Ее темные туфельки на маленьком каблучке мягким зачарованным звоном отражались, кружась, в блестящем полу институтской залы,
Ее глаза были закрыты обеими ладонями,
Ее платье, тяжелое как крыло птицы, кружилось темным цветком -
между колонн под затерянным в тени потолком милого институтского холла ее фигурка отражалась, как во всю жизнь и все ночи один и тот же, повторяющийся сон - во всех зеркалах.
- Шейна, ты что?
- Мы опоздаем, Шейна!
И чьи-то голоса, и веселый девичий смех, словно звонкие капли рассыпавшихся бус, летели в несказанную вечность, растворялись в нежной бесконечности; словно перекличка ворожей, звеньями вплетались в легкие властные путы.
- Не вижу... Я ничего не вижу...
Его плечи резко, будто вздрогнув, но едва заметно выпрямились, словно под прицелом в грудь или выстрелом навылет. Не поднимая головы, он медленно опустил руку на перила, и на его лицо упала тень. Прошла минута, а ему показалось, что одно мгновение - и в то же мгновение он резко оглянулся. Немое движение частиц, ни одного проблеска, ни одного звука. "Я слышал ее голос: "Прощайте, Джонни! Не забудьте про мои цветы!" Я слышал плач ребенка. Опасность. Где?" Голос - лента - отблеск - свет. Свет.

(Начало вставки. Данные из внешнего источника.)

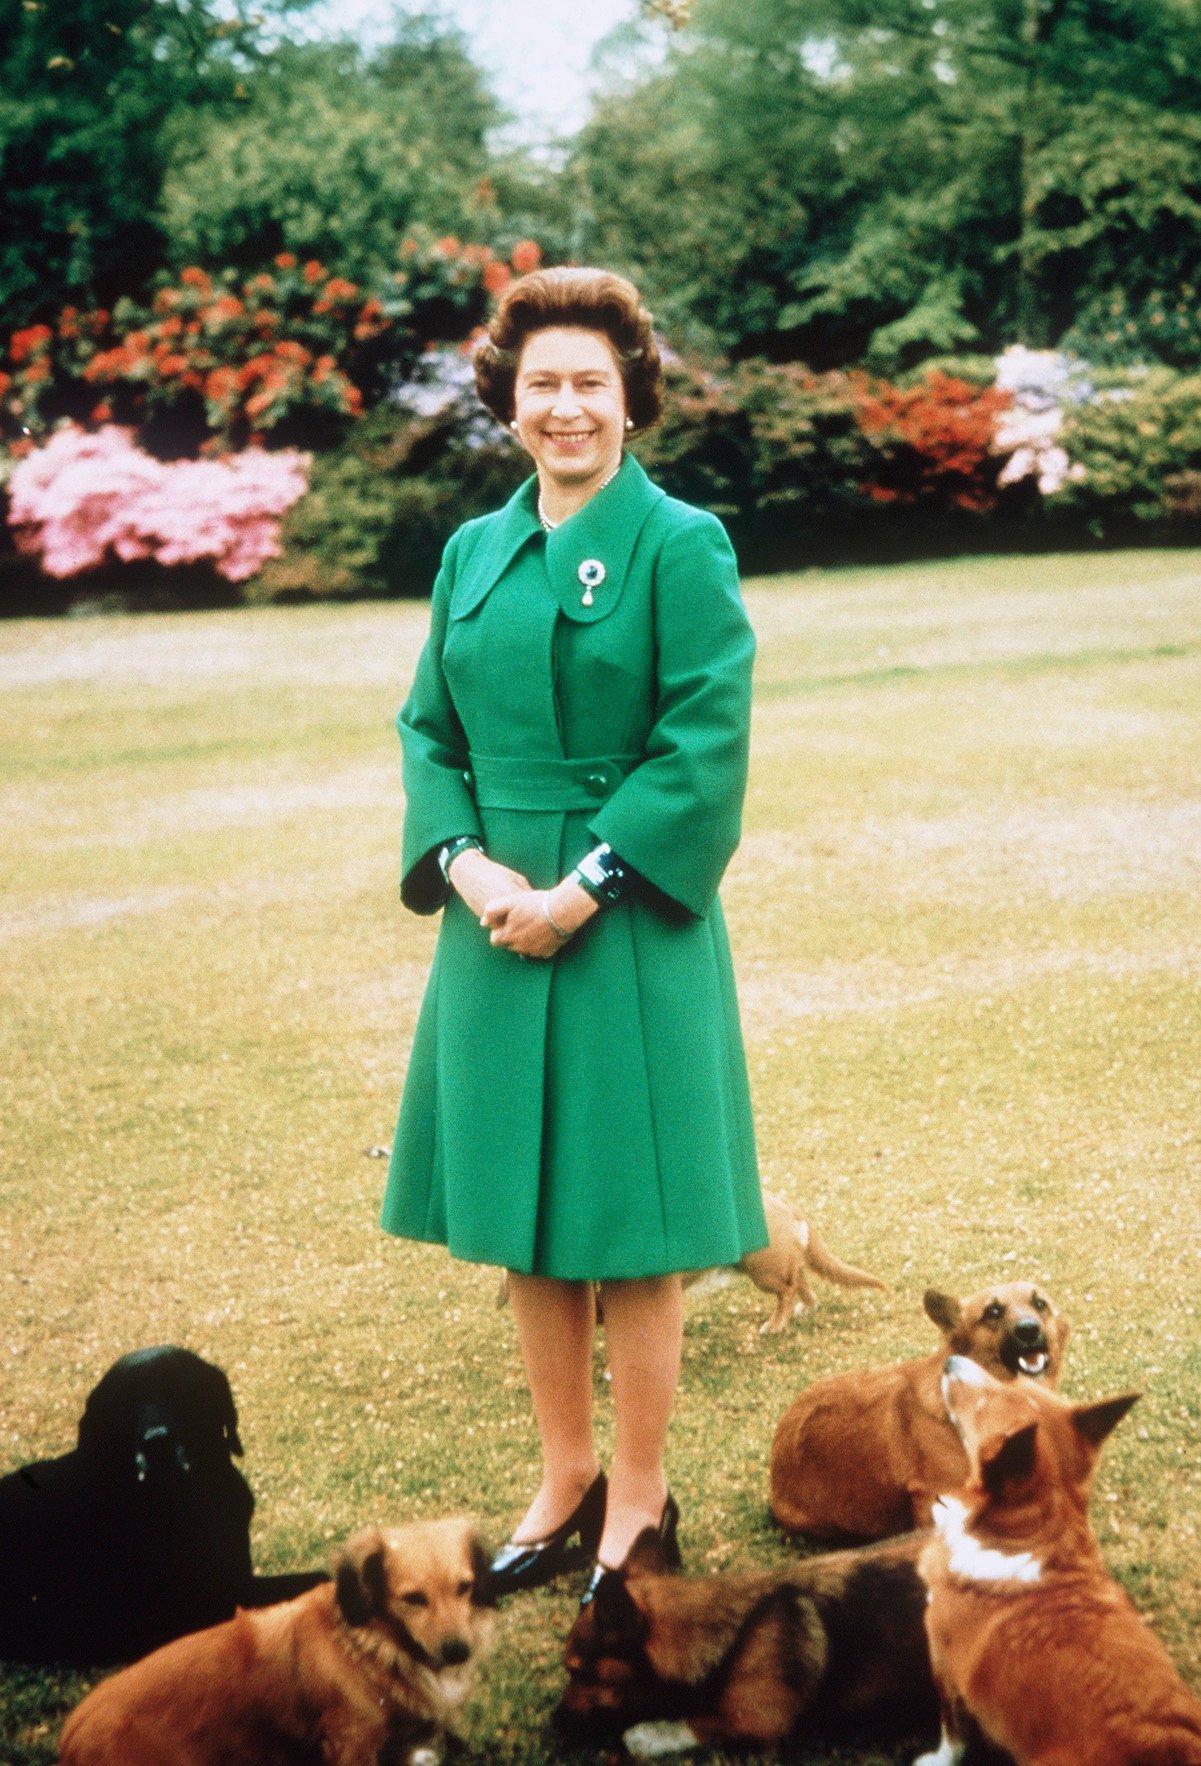 Queen Elizabeth II at Sandringham with her corgis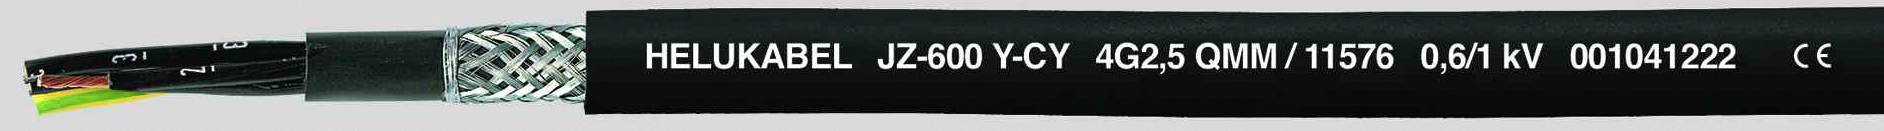 HELUKABEL JZ-600-Y-CY Steuerleitung 3 G 1.50 mm² Schwarz 11547-1000 1000 m

Это история о человеке, о котором никто ничего не знал: он был никем, у него никого не было, он ничего не сделал; судя по всему, у него не было ни желаний, ни стремлений, ни амбиций; исток и завершение его жизни одинаково терялись в тени больших городов, метрополитенов; огнями летящих в ночь магистралей. Единственное, что запоминалось из рассказов тех, кто его видел - "в нем была какая-то легкость". Имя - Филипп Трейн - и возраст, в который он стал известен - 21 год. В детстве был свидетелем или участником военных действий; в результате контузии потерял слух. Ни одного обвинения - он никогда не был привлечен к суду - ни одной строчки в досье, ни фотографии, ни отпечатка пальцев, хотя на его счету было столько жизней, сколько встречалось только в военной хронике.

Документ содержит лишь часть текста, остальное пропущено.